Sorry I don't have time to do the calculations, BUT

Be 3+ is a single electron atom.

You should know that you can calculate the exact energies of the electron orbitals in the hydrogen atom.

You should also be able to calculate the energies of the Be 3+ ion, though you may need to modify the formula.

I may edit this answer if I get around to revising this stuff.

edit: This question is easier than I expected. A single electron atom is called a Bohr atom.

The energy levels of a Bohr atom are given by:

E = -Z²×RH/n²

Z is nuclear charge (atomic number)

RH is a constant 2.180 x 10^-18 J

n is orbital principle quantum number.

In the ground state the electron should be in the 1s orbital. ie n = 1 for hydrogen. For Be3+ electron is in 4f orbital. that is, n = 4.

The ionisation energy is that required to move the electron to n = ∞. At n = ∞, E = 0, which makes sense. So the energy calculated by the equation is the ionisation energy.

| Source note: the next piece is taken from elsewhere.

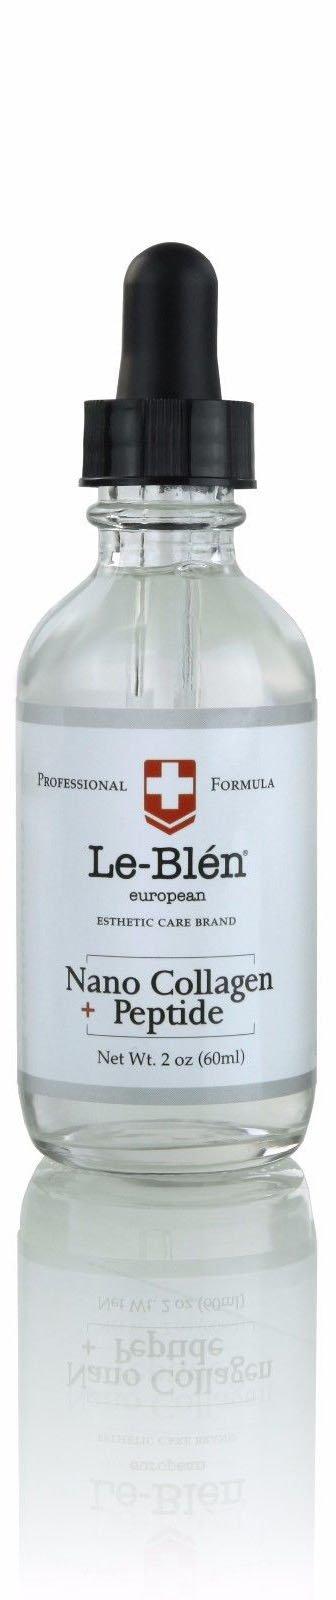 Le-Blen european ESTHETIC CARE BRAND - Nano Collagen Peptide (2oz)
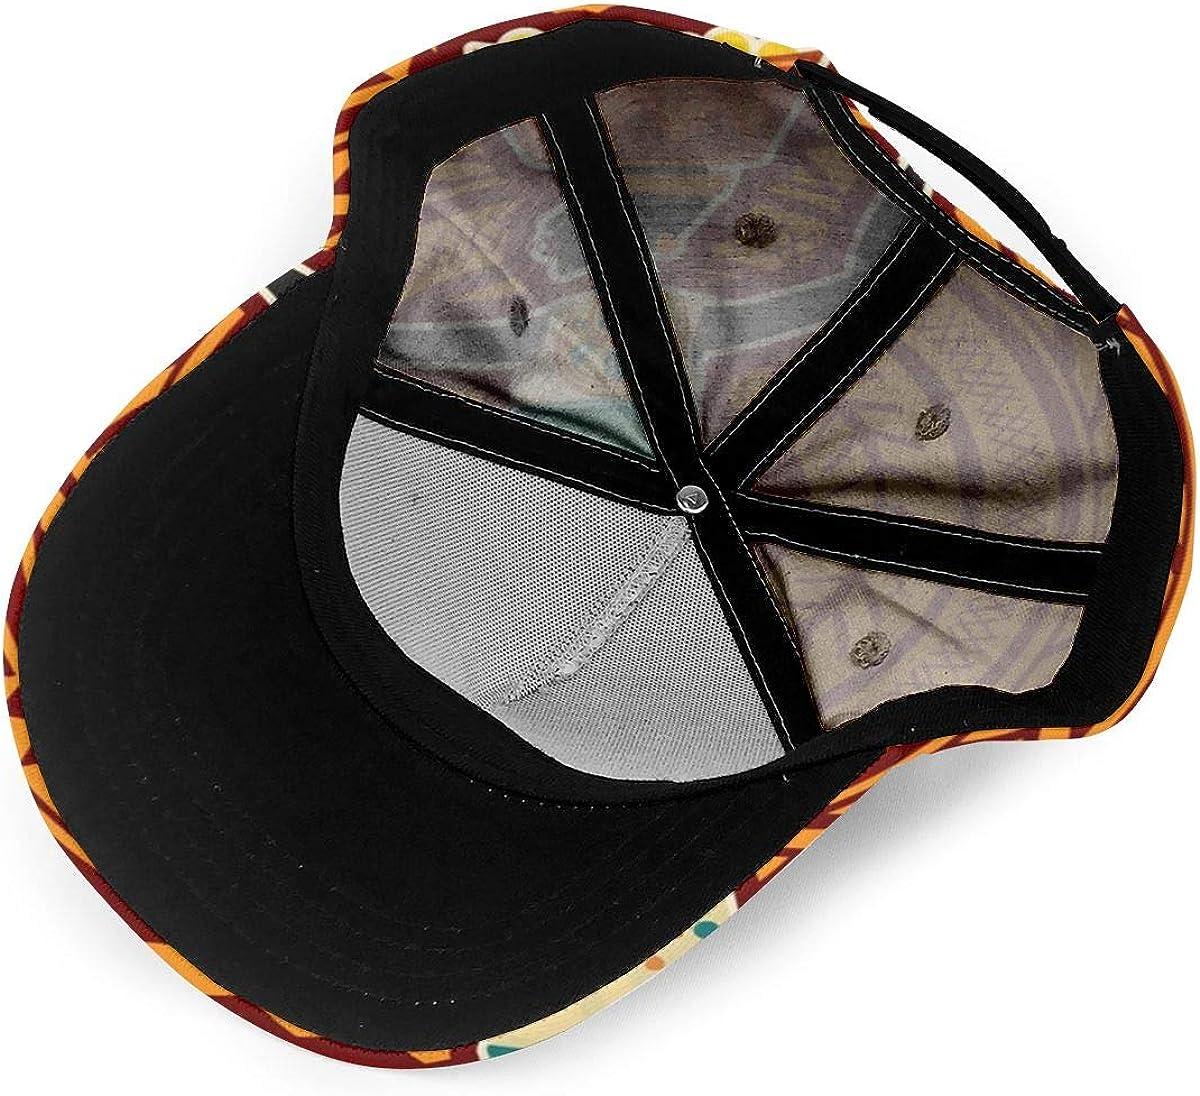 Ethnic Dress African Women Fashion Classic Full Print Visor Hat Adjustable Baseball Cap

because I CBF doing calcs, and I know other stuff is constant, I just compare Z²/n²

H: 1s: 1²/1² = 1

Be3+: 4f: 4²/4² = 1

So yes, ionisation energies are identical.

A larger nuclear charge would be expected to more strongly attract the electron (greater electrostatic force), thus requiring more energy to liberate electron. But when the electron is further away it is less strongly attracted (force decays with distance squared). Of course the orbital isn't an exact distance from centre (it's a function) but I guess the average election density gets further away for higher energies.